Sale of Land Surface Rights

        In December 2012, we completed the sale of the surface rights to approximately 134 acres located in Harrison County, Ohio for approximately $1.5 million. We recorded a gain of approximately $1.5 million related to this sale that is included on the (Gain) on sale/disposal of assets—net line of our consolidated statements of operations and comprehensive income.

Sale of Triad Operations

        In August 2012, we sold the operations and tangible assets of our roof bolt manufacturing company, Triad, to a third party for $0.5 million of cash consideration. As part of the sale, we retained the rights to certain intellectual property and entered into an exclusive license and option to purchase agreement for this intellectual property with the same third party for potential additional cash consideration.

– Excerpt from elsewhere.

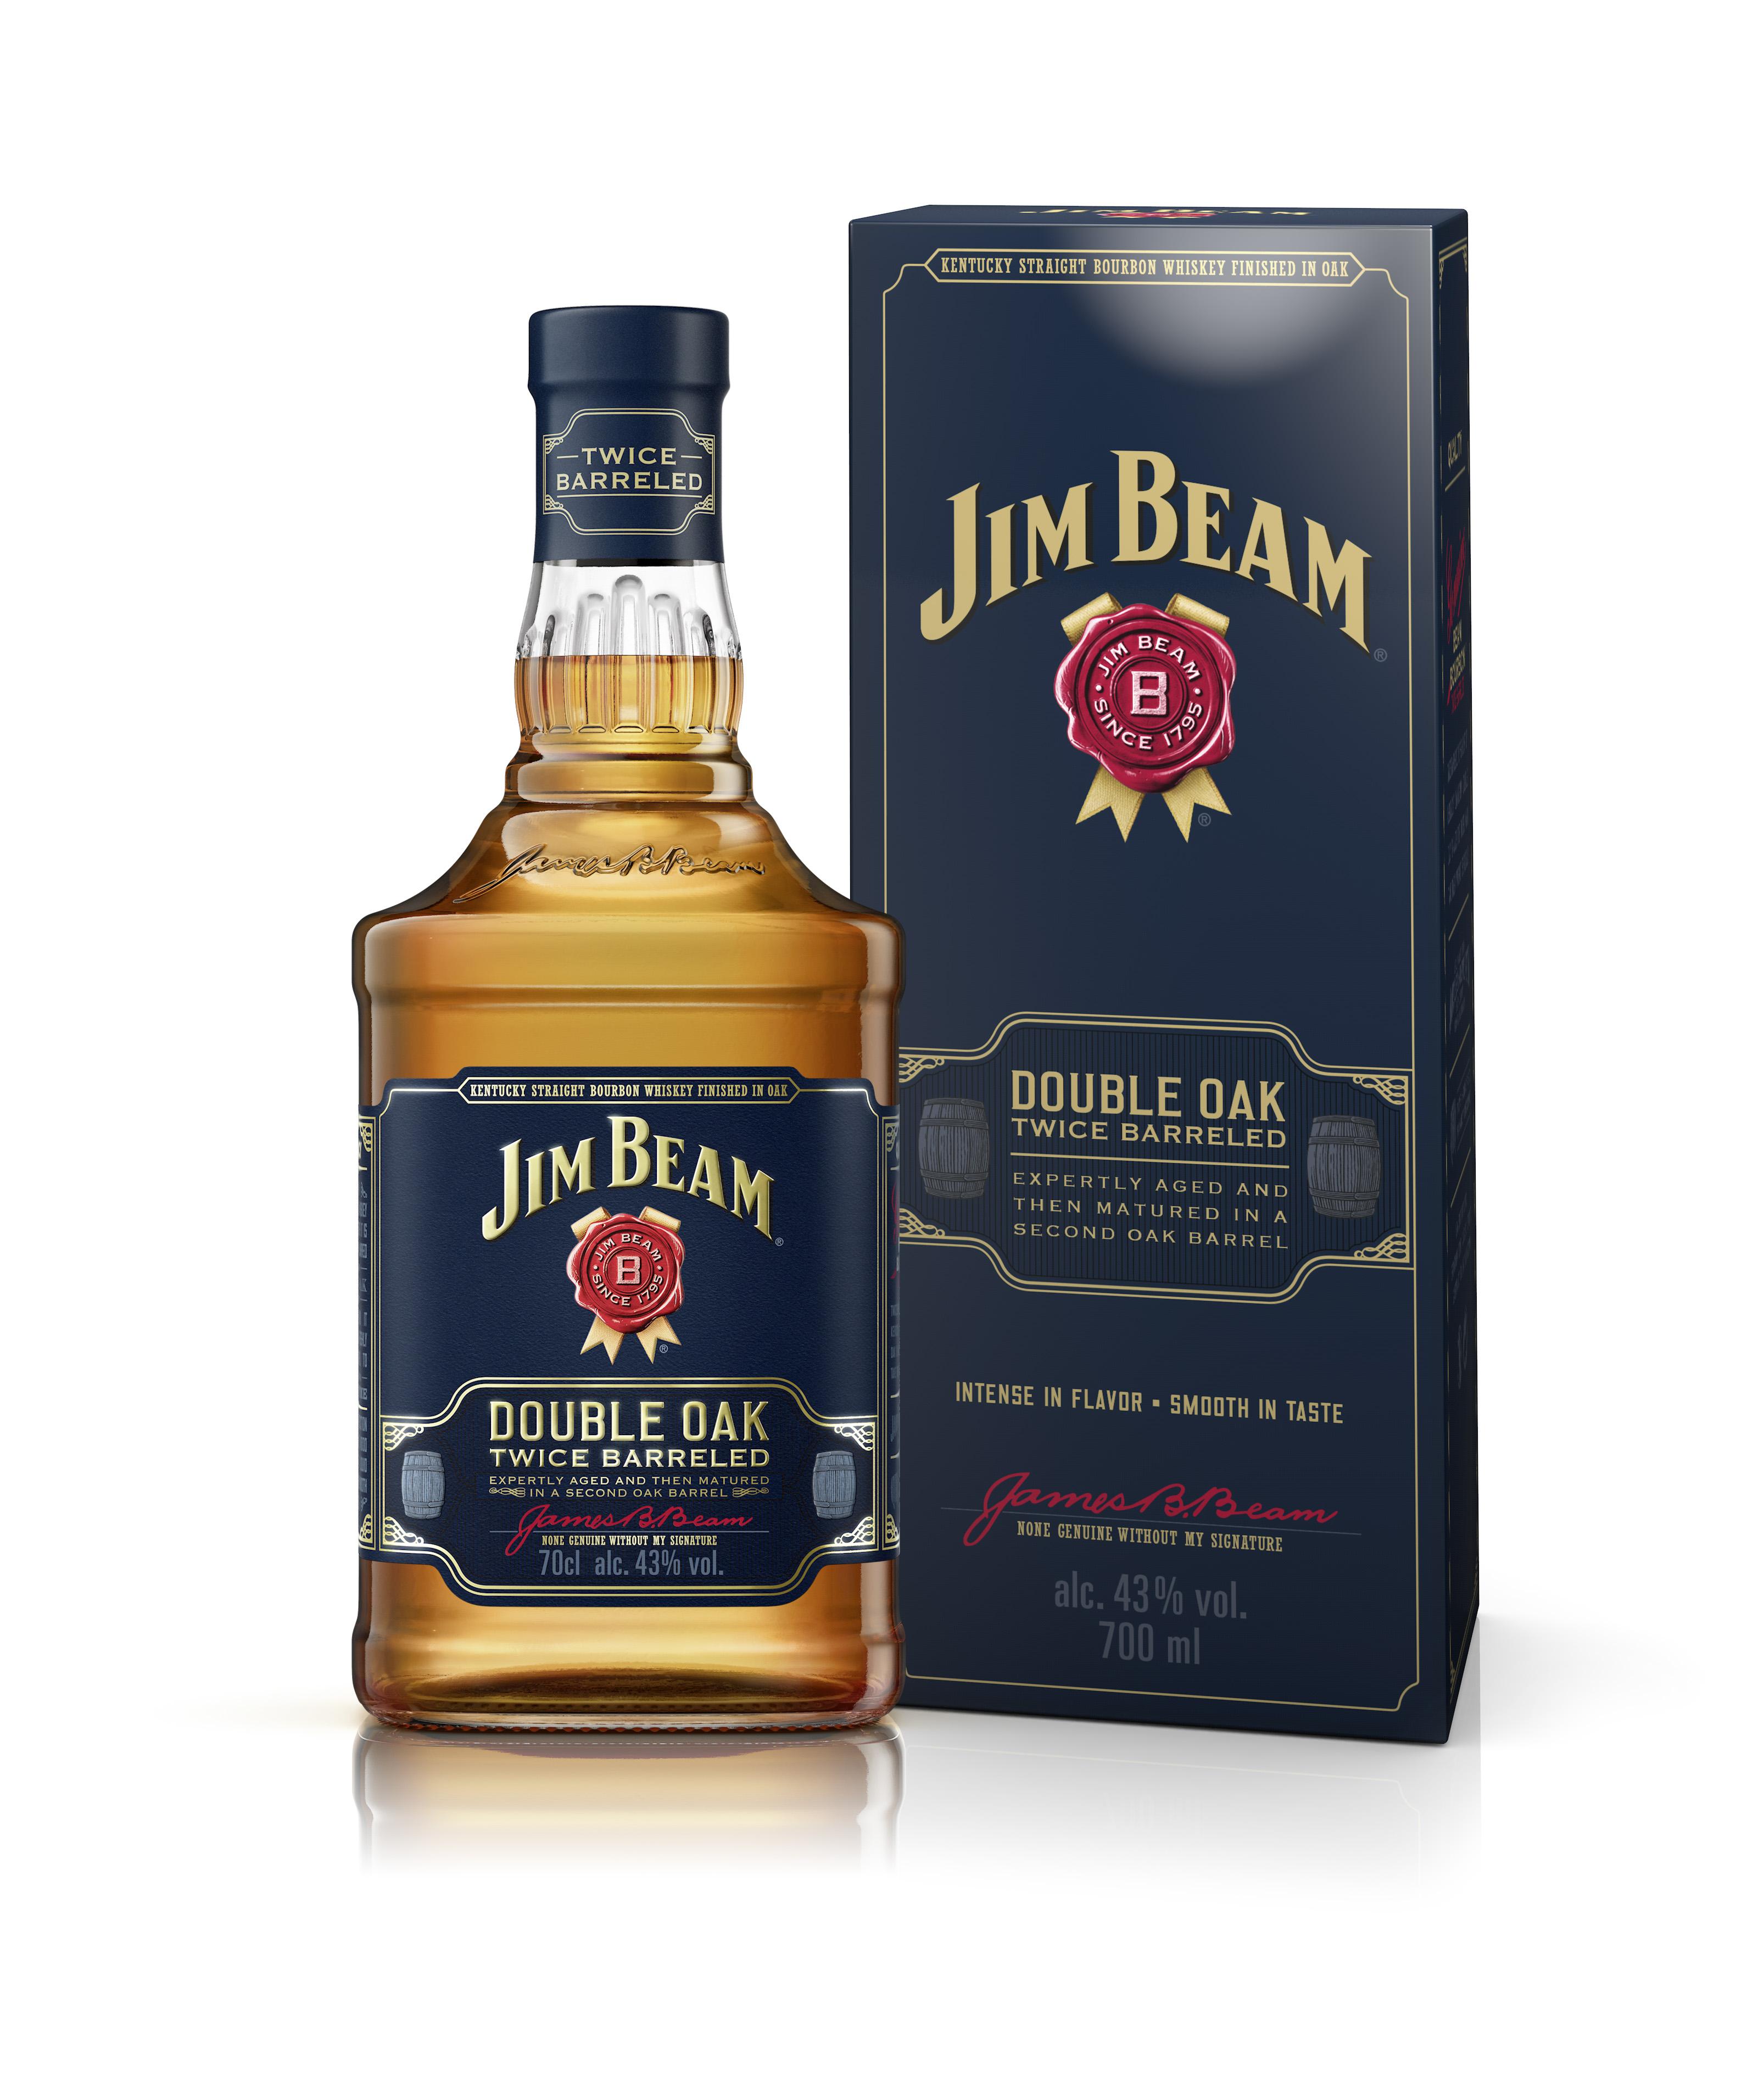 Der Kentucky Straight Bourbon Whiskey Jim Beam Double Oak ist zweifach in neu ausgeflammten amerikanischen Eichenfässern gereift und besticht durch seine außergewöhnliche Geschmackstiefe.

We have not recorded any portion of this additional consideration since this amount is contingent upon the third party determining the viability of the related intellectual property to their specifications, which has since expired. In connection with this sale, we recorded an approximate $0.2 million gain that is recorded on the (Gain) on sale/disposal of assets—net line of our consolidated statements of operations and comprehensive income.

Sale of Mining Assets

        In December 2012, we sold certain non-core mining assets located in Pike County, Kentucky to a third party for approximately $0.2 million. The transaction also extinguished certain liabilities related to the assets sold. In relation to the sale of these assets and extinguishment of liabilities, we recorded a gain of approximately $0.9 million, which was higher than the sales amount due to the extinguishment of the liabilities. This gain is included on the (Gain) on sale/disposal of assets—net line of the Partnership's consolidated statements of operations and comprehensive income.

        In February 2012, we sold certain non-core mining assets located in Pike County, Kentucky to a third party for approximately $0.6 million. The transaction also extinguished certain liabilities related to the assets sold. In relation to the sale of these assets and extinguishment of liabilities, we recorded a gain of approximately $0.9 million, which was higher than the sales amount due to the extinguishment of the liabilities.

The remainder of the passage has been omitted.